The opening weeks of the Spanish Civil War were characterized by horrendous atrocities, most of them inflicted by an inflamed working class upon conservatives in general and Catholic clergy in particular. Ultimately, 12 bishops and hundreds of priests and nuns and seminarians were slaughtered. The reprisals taken by the nationalists were as brutal, though usually less picturesque in their cruelty. Europe looked on in horror as a country once recognized as the center of Western Civilization descended into bloodshed on a scale not seen since the ghastly events of WWI. The new tank warfare tactics and the terror bombing of cities from the air were features of the Spanish Civil War which later was a significant part in the general European War. The Spanish Civil War had cost the nation somewhere between 600,000 - 800,000 lives, counting deaths in battle and executions, as well as civilians killed by bombing, starvation, and disease. Under the new regime thousands more would be condemned to death, imprisoned, or forced into exile. The war ended with the victory of the rebels, who called themselves the Nationalists, the overthrow of the Republican government, and the exile of thousands of Spanish Republicans, many of whom ended up in refugee camps in Southern France. Apart from the combatants, many civilians were killed for their political or religious views by both sides.

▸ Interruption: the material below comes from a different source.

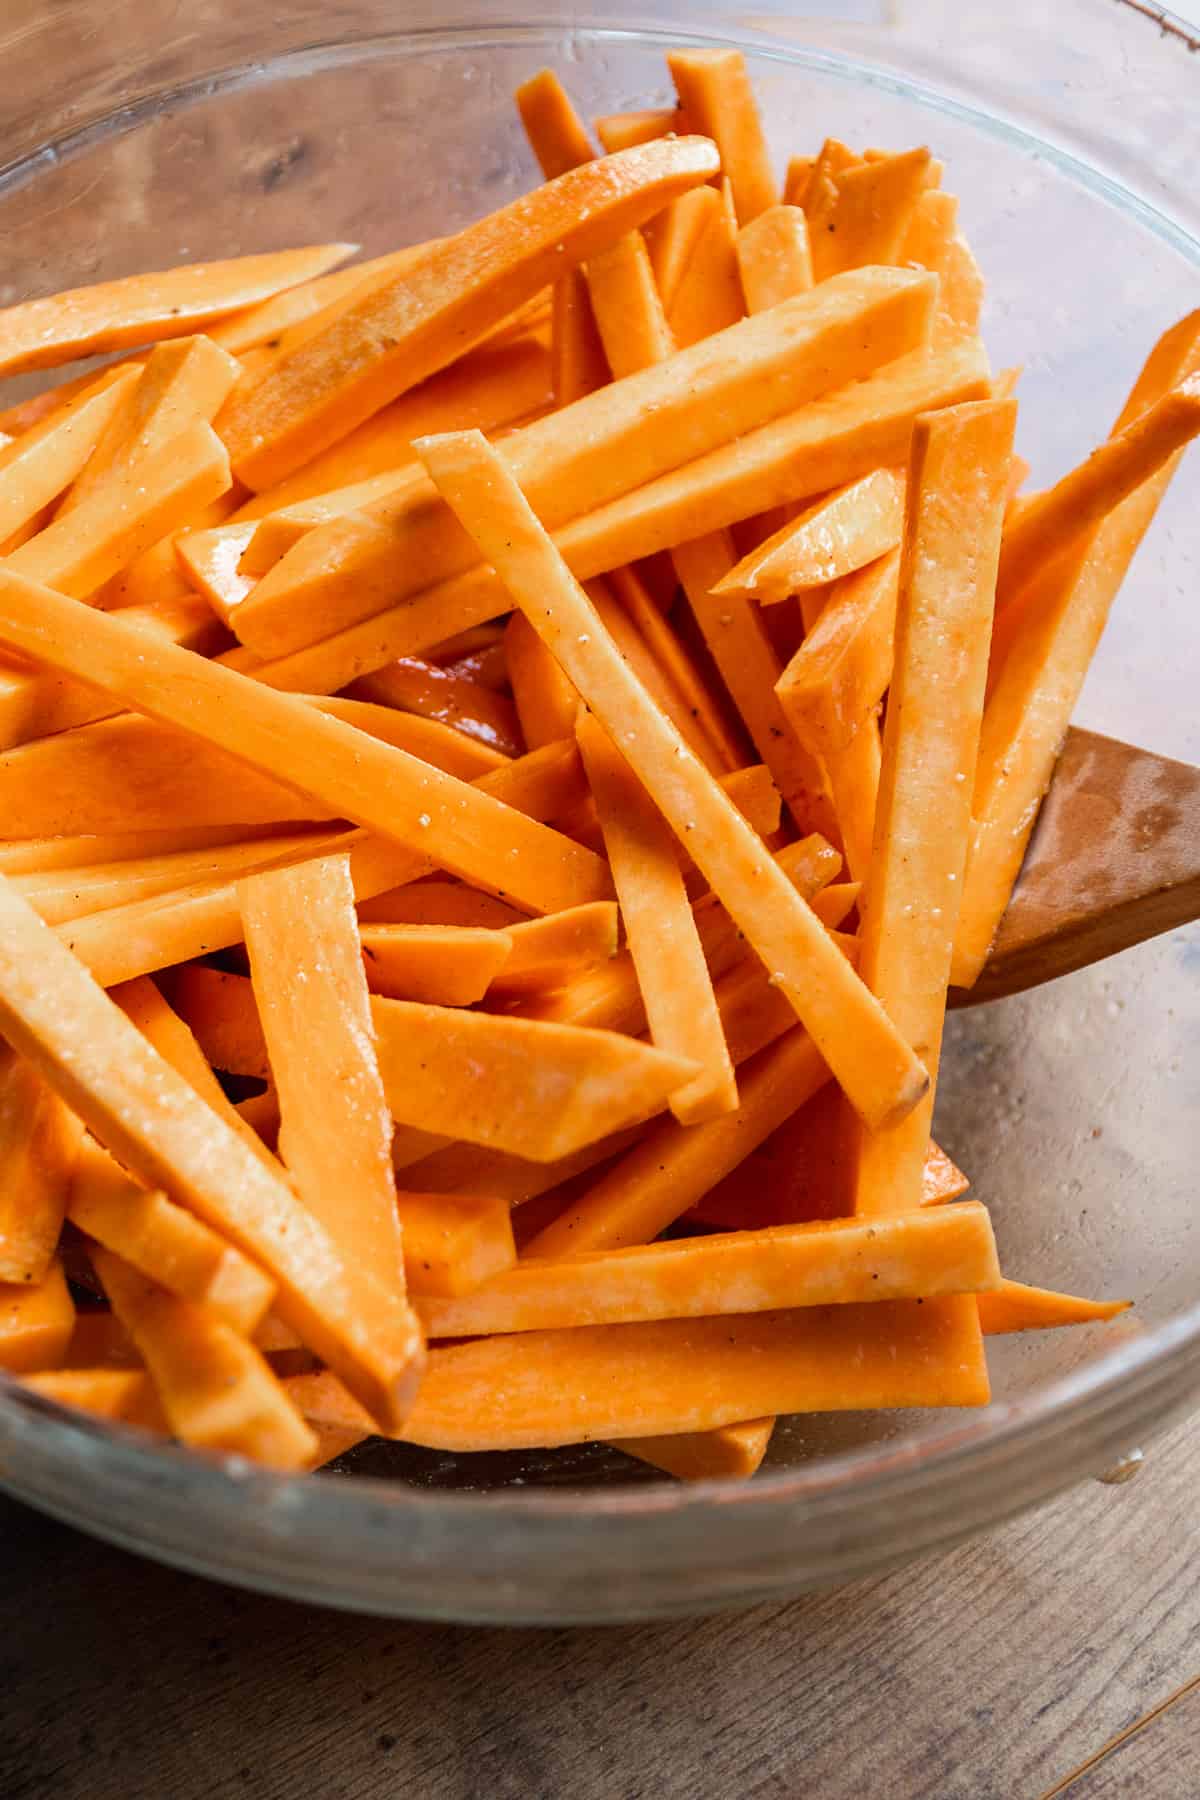 Sweet potato fries tossed in oil and spices in a glass bowl.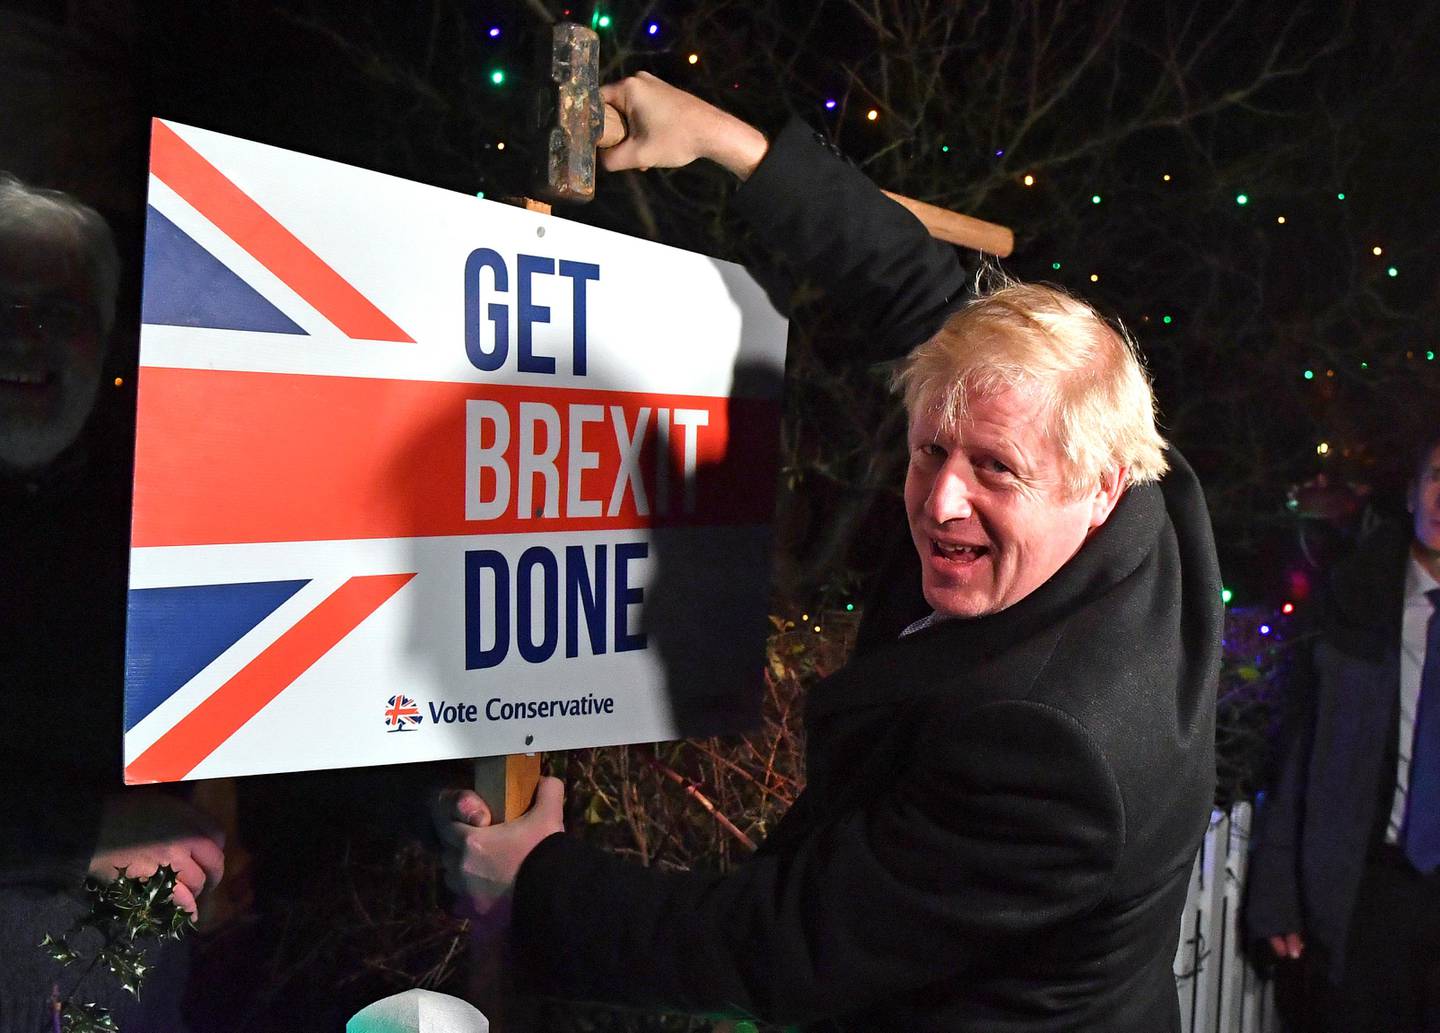 FILE -- In this Wednesday, Dec. 11, 2019 file photo, Britain's Prime Minister and Conservative party leader Boris Johnson poses as he hammers a "Get Brexit Done" sign into the garden of a supporter, in Benfleet, England. Britain and the European Union have struck a provisional free-trade agreement that should avert New Year chaos for cross-border traders and bring a measure of certainty for businesses after years of Brexit turmoil.  (Ben Stansall/Pool via AP, File)

27.1 For Whom the Bell Tolls
Ernest Hemingway wrote a novel after the Spanish American War, a historic fiction, titled For Whom the Bell Tolls. He borrowed the title from a line of a John Donne poem. The novel tells the story of Robert Jordan, a guerrilla warrior from the United States, during the Spanish Civil War. As an expert in the use of explosives, Jordan is given an assignment to blow up a bridge to accompany a simultaneous attack on the city of Segovia. Though successful in that sense, like most Hemingway novels, For Whom the Bell Tolls is tragic.